南絮被他勒得生疼,抬手拍了拍他的后背。
“我没事,眠眠也没事。”
褚折殃没应声,埋在她肩窝里的呼吸又沉又乱。
南絮在战场上刀剑加身都没见他慌过,此刻抱着她,指尖却在微微发抖。
南絮推开他,伸手捏了捏他脸颊。
“堂堂玄甲军统帅,抱着夫人发抖,丢不丢人?”
“……没抖。”
“你手在我腰上,我还能感觉错?”
褚折殃沉默了片刻,不再辩驳,只是低头把额头抵在她额头上,闭了闭眼,呼吸渐渐平下来。

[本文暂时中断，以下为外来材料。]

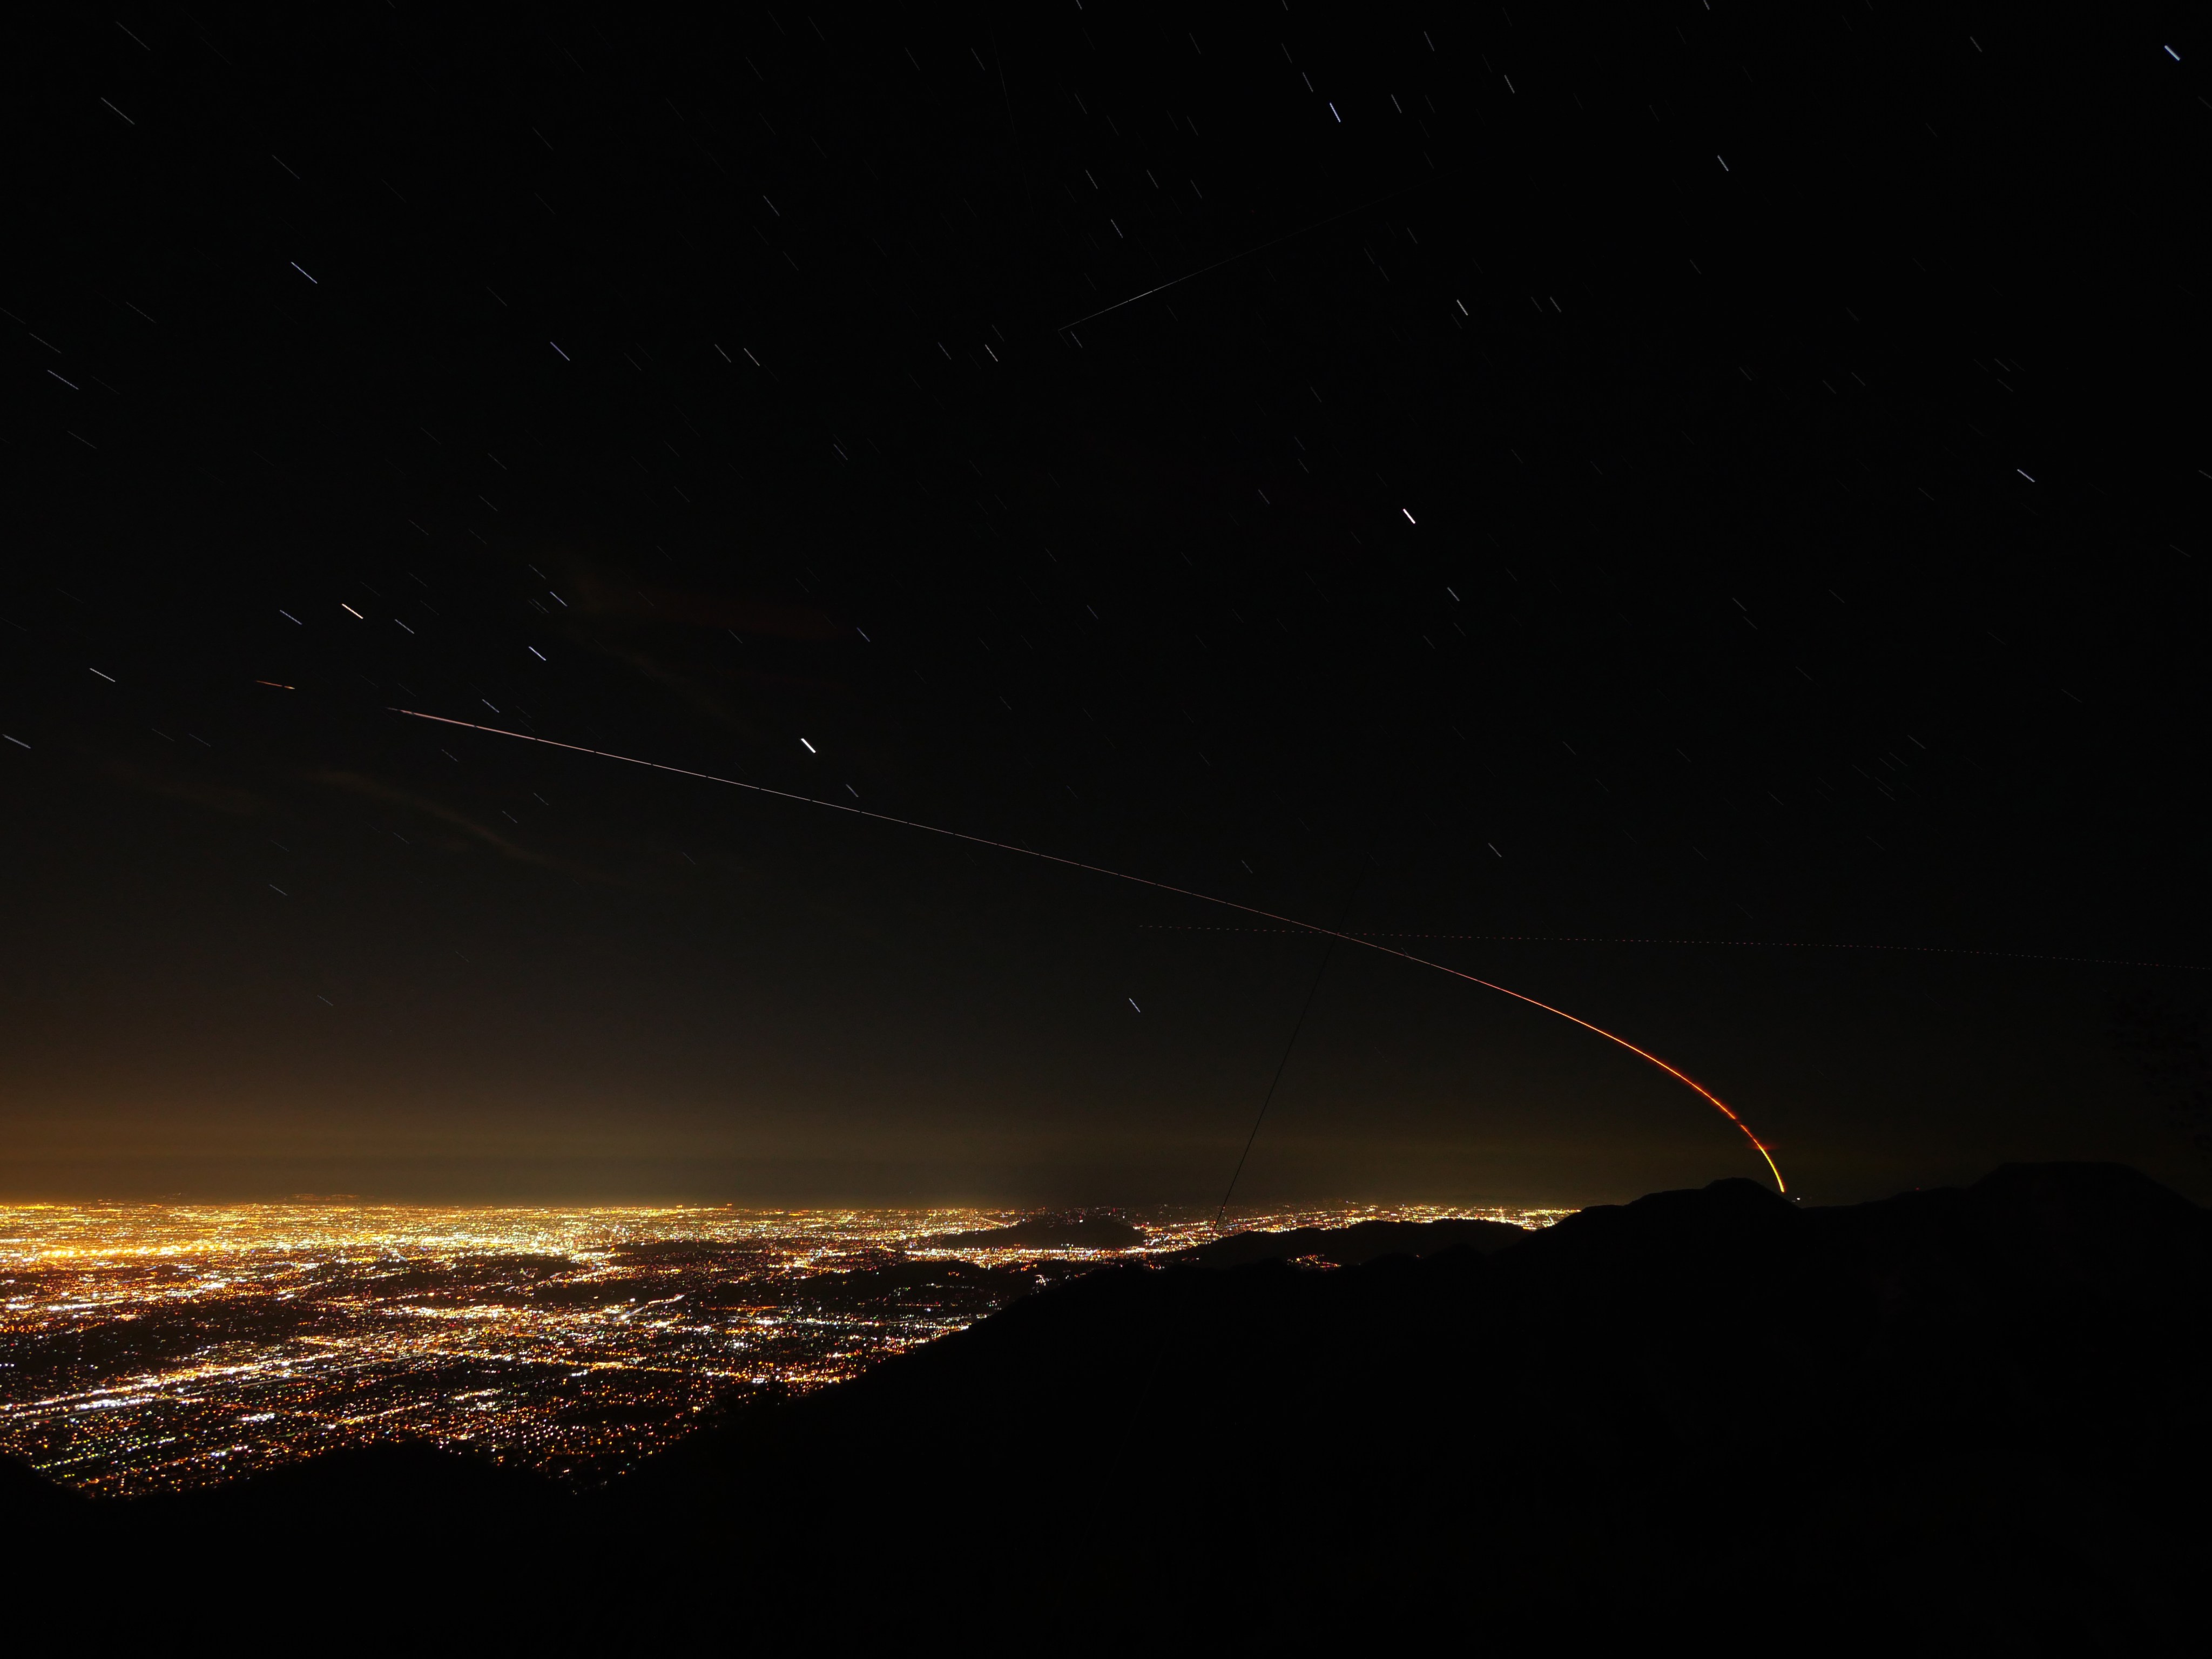 Rocket trail arcing over Los Angeles.

南絮由他抵了一会儿,才轻轻推开他一些,偏头看了一眼地上那些横七竖八的尸体。
“我想过去看看。”
褚折殃眉头皱起来,把她往自己身侧带了带。
“污了你的眼。”
“吞毒自尽的那种,我想看看是什么毒。万一查出来源,能顺藤摸瓜。”
她说着已经迈开步子往那边走了。
褚折殃跟在她身侧,伸手虚虚护在她腰后。
南絮走到一具尸体旁边蹲下来,从袖中抽出一方帕子垫在手上,捏住那人的下巴轻轻掰开,凑近看了看齿间残留的黑色毒液。
又拨开眼皮看了看瞳孔,然后低头闻了闻那股残余的气味。
“乌头、钩吻,再加一味雷公藤。前三味都是常见的剧毒草药,江湖上不少见,但最后一味雷公藤的炮制方式很特殊。普通雷公藤晒干研粉就能用,这个是用蜜炙过的,蜜炙雷公藤只有京城永安药房才做。”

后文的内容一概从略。